なお、巨額M&Aと比較すると少なく見えてしまいますが、2022年の日本企業が関わったM&Aで買収金額が100億円を超えていたのは、75件もありました。もはやM&Aは企業の成長戦略として、切っても切れない状況にあるといえるでしょう。

【関連】国内M&A市場の展望・トレンドまとめ!

8. M&Aアドバイザリー取引金額ランキング2022

M&Aには欠かせない存在が、M&A仲介会社・M&Aアドバイザリーです。そこで、2022年のM&Aアドバイザリーの取引金額ランキングをここに掲載します。
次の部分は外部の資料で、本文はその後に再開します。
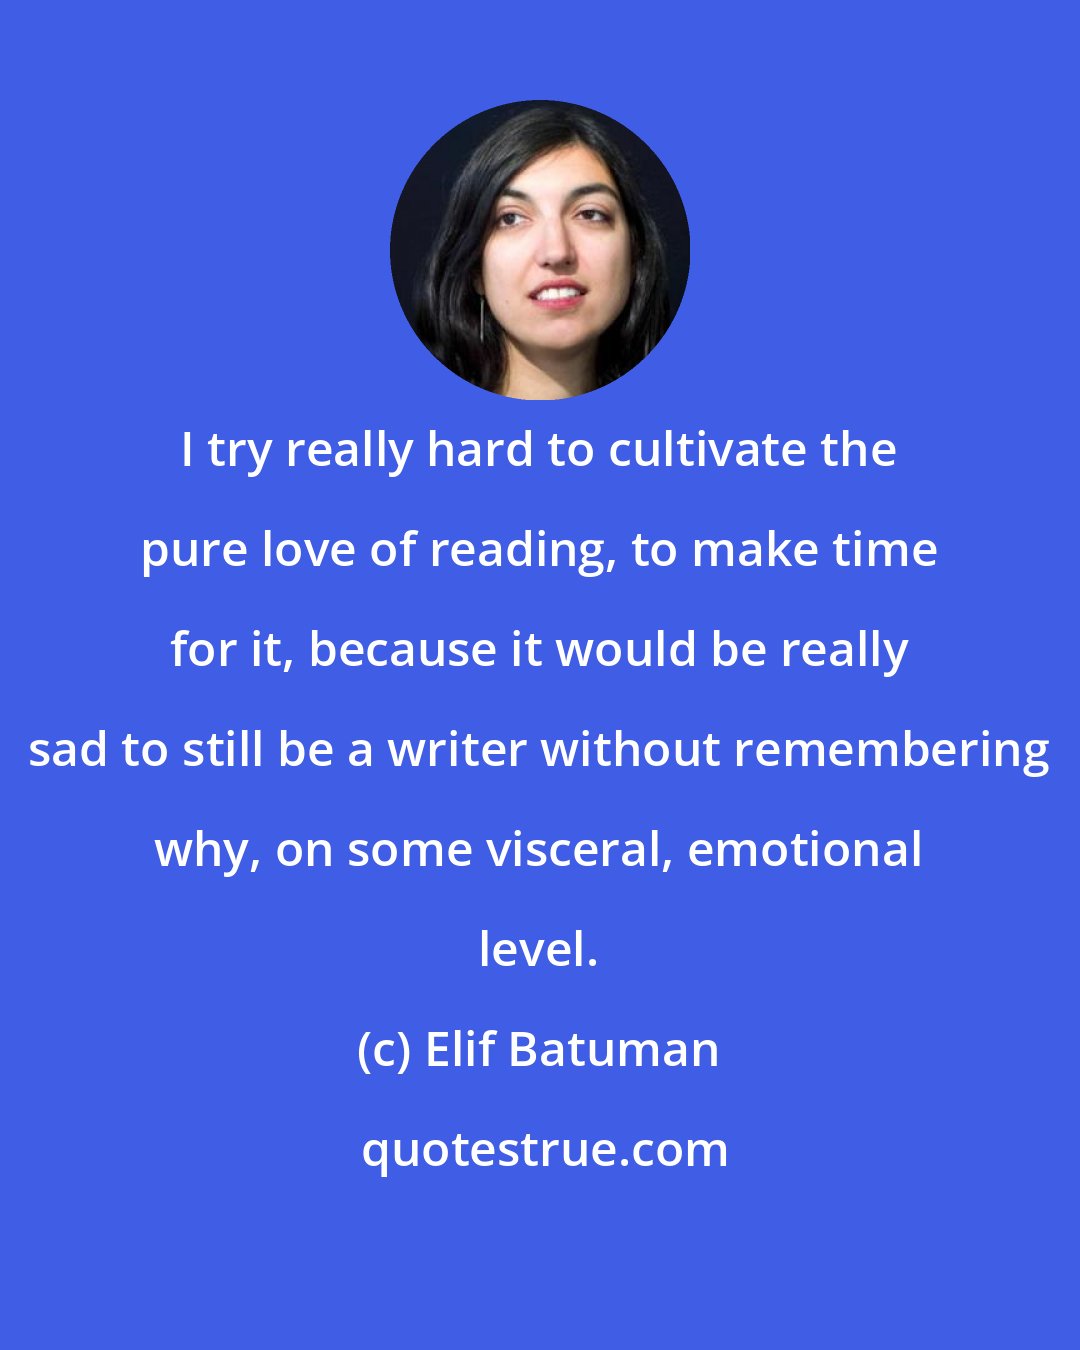 Elif Batuman: I try really hard to cultivate the pure love of reading, to make time for it, because it would be really sad to still be a writer without remembering why, on some visceral, emotional level.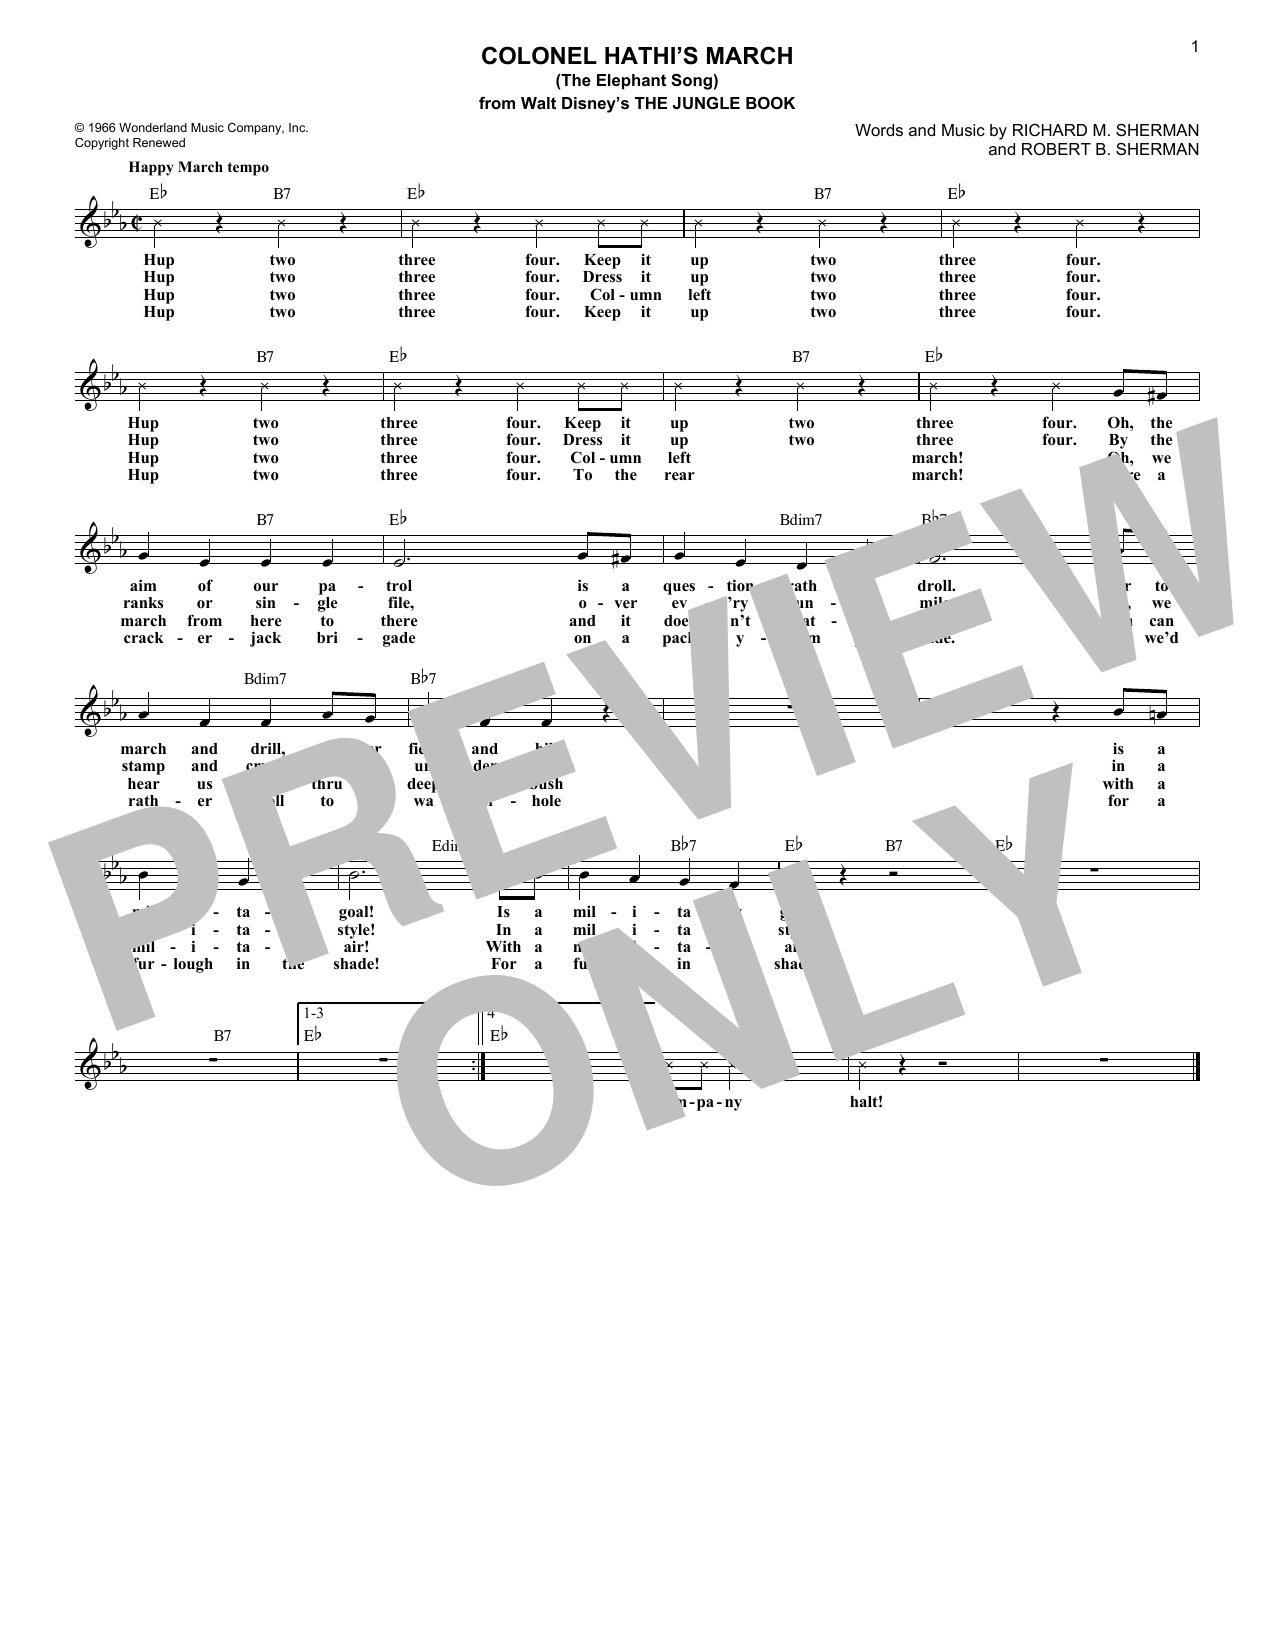 Download Richard M. Sherman Colonel Hathi's March (The Elephant Son Sheet Music

掲載にあたっては、リフィニティブ(旧トムソン・ロイター)が発表している「M&Aリーグテーブル」を参照しました。なお、このランキングは情報が公開されている上場企業のものだけであり、非上場のM&Aアドバイザリーは含まれておりません。
 

順位 ランクバリュー(億円) M&Aアドバイザリー名 取引案件数
1 36,521 三菱UFJモルガン・スタンレー 40
2 27,435 野村證券 95
3 24,208 三井住友ファイナンシャル・グループ 112
4 20,866 UBS 13
5 19,849 JPモルガン 15
6 19,436 みずほフィナンシャルグループ 117
7 17,394 ゴールドマン・サックス 155
8 12,985 BofAセキュリティーズ 8
9 12,450 デトロイト 127
10 8,996 エバーコア・パートナーズ 14

表を見れば一目瞭然ですが、取引金額と取引案件数は必ずしも比例していない点がわかります。特に外資系の場合、案件数は少なくても取引金額は高い傾向です。つまり、1件あたりの取引額が高額であるということに他なりません。

参考:日本M&Aレビュー2022年

【関連】M&A業界の動向まとめ!マップ形式で紹介!

9. M&Aによる巨大企業買収ランキングまとめ

2022年において日本企業が関わったM&Aの買収金額に着目し、情報をまとめました。大手企業によるM&Aでの思い切った金額には驚愕してしまいますが、それだけ現在の事業市場がひっ迫してきている表れなのかもしれません。

金額規模の話は別として、中小企業の場合も今後の生き残り戦略、あるいは市場での優位性の確保などの意図でM&Aは積極化していくと考えられます。ビジネスはタイミングが重要です。乗り遅れて後悔しないようM&Ani関する情報にもアンテナを張っておきましょう。